Sampling negative edges
For link prediction, false (or negative) edges have the label of 0 and are randomly generated (via structured_negative_sampling function in Pytorch Geometric). The ratio of positive to negative edges is 1:1.

Hyperparameter tuning
We leverage Weights and Biases108 to select optimal hyperparameters via a random search over the hyperparameter space. The best-performing hyperparameters for PINNACLE are selected by optimizing the ROC and Calinski–Harabasz score109 on the validation set. The hyperparameter space on which we perform a random search to choose the optimal set of hyperparameters is: the dimension of the nodes’ feature matrix ∈ [1,024, 2,048], dimension of the output layer ∈ [4, 8, 16, 32], lambda ∈ [0.1, 0.01, 0.001], learning rate for link prediction task ∈ [0.01, 0.001], learning rate for protein’s cell type classification task ∈ [0.1, 0.01, 0.001], number of attention heads ∈ [4, 8], weight decay rate ∈ [0.0001, 0.00001], dropout rate ∈ [0.3, 0.4, 0.5, 0.6, 0.7] and normalization layer ∈ [layernorm, batchnorm, graphnorm, none]. The best hyperparameters are as follows: the dimension of the nodes’ feature matrix = 1,024, dimension of the output layer = 16, lambda = 0.1, learning rate for link prediction task = 0.01, learning rate for protein’s cell type classification task = 0.1, number of attention heads = 8, weight decay rate = 0.00001, dropout rate = 0.6, and normalization layers are layernorm and batchnorm.
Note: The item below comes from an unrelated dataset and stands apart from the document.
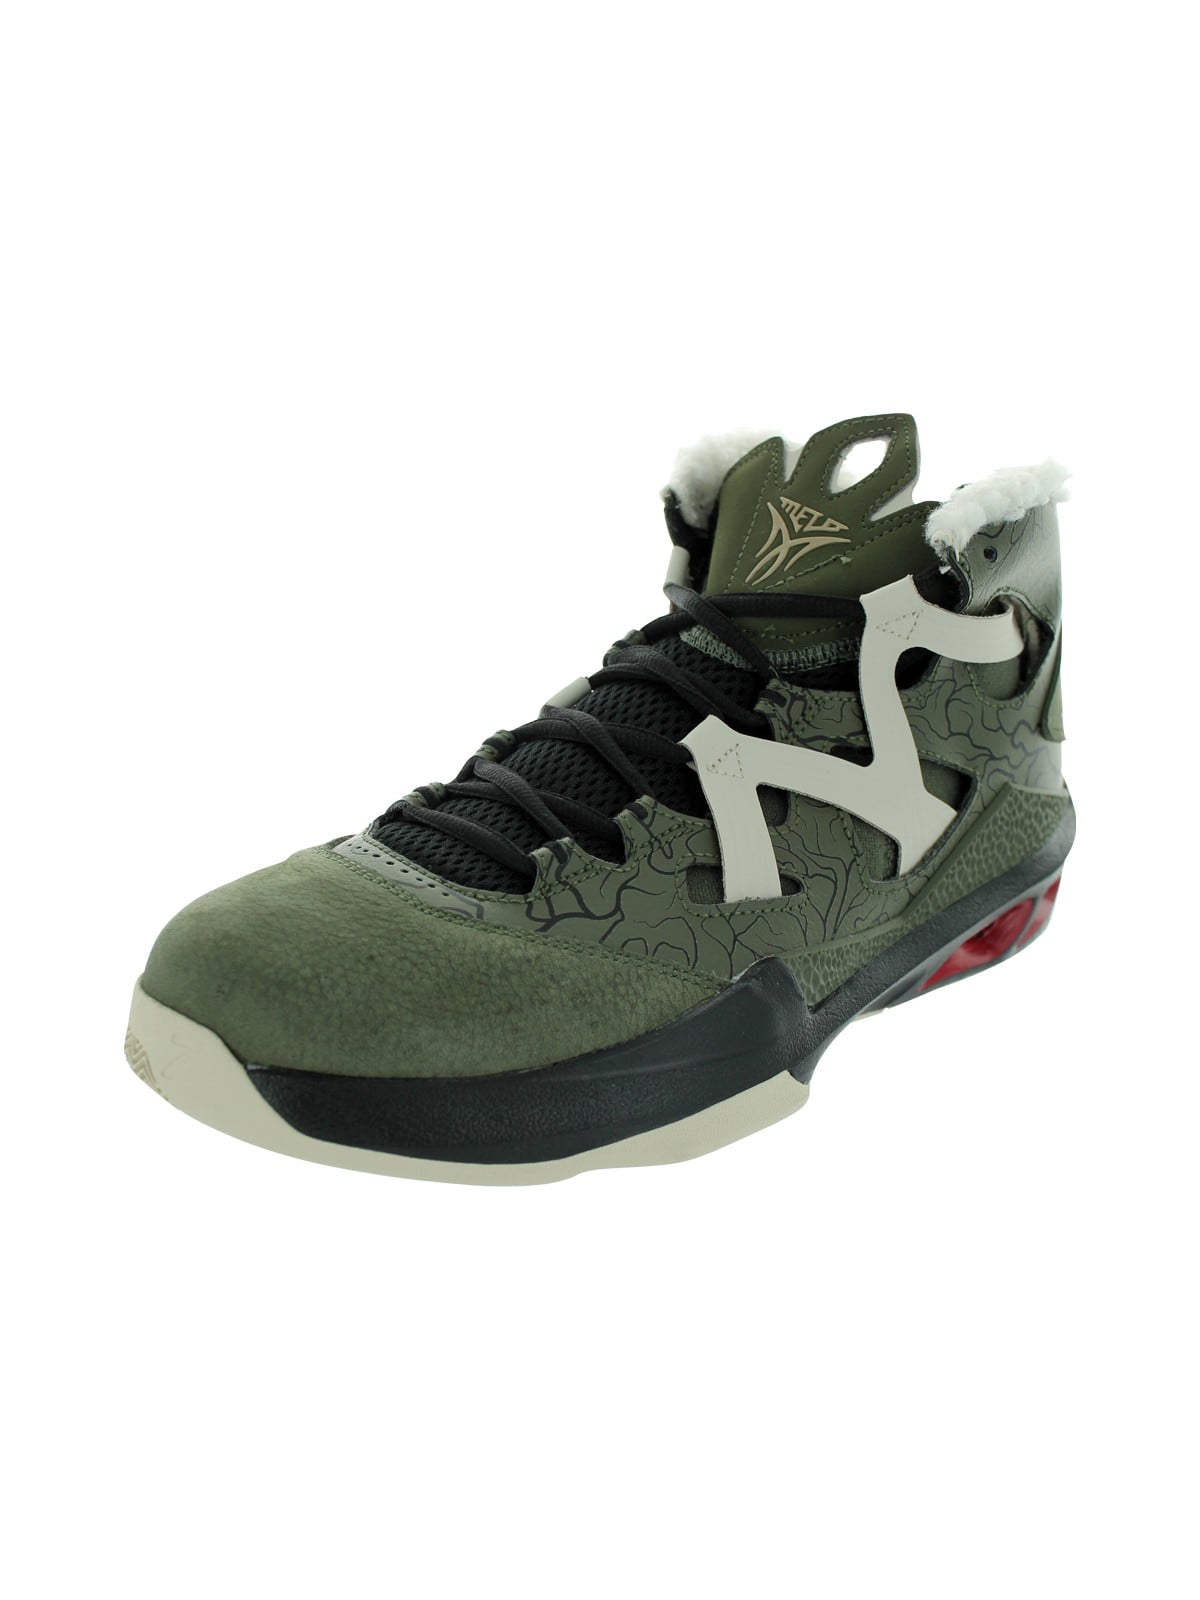 Nike Jordan Melo M9 Basketball Shoes Walmart.com

Further, PINNACLE consists of two custom graph attention neural network layers (‘Protein-level attention with cell type specificity’ and ‘Metagraph-level attention on cellular interactions and tissue hierarchy’ sections in Methods) per cell type-specific PPI network and metagraph and is trained for 250 epochs.

Implementation
We implement PINNACLE using Pytorch (Version 1.12.1)110 and Pytorch Geometric (Version 2.1.0)111. We leverage Weights and Biases108 for hyperparameter tuning and model training visualization, and we create interactive demos of the model using Gradio112. Models are trained on a single NVIDIA Tesla V100-SXM2-16GB GPU.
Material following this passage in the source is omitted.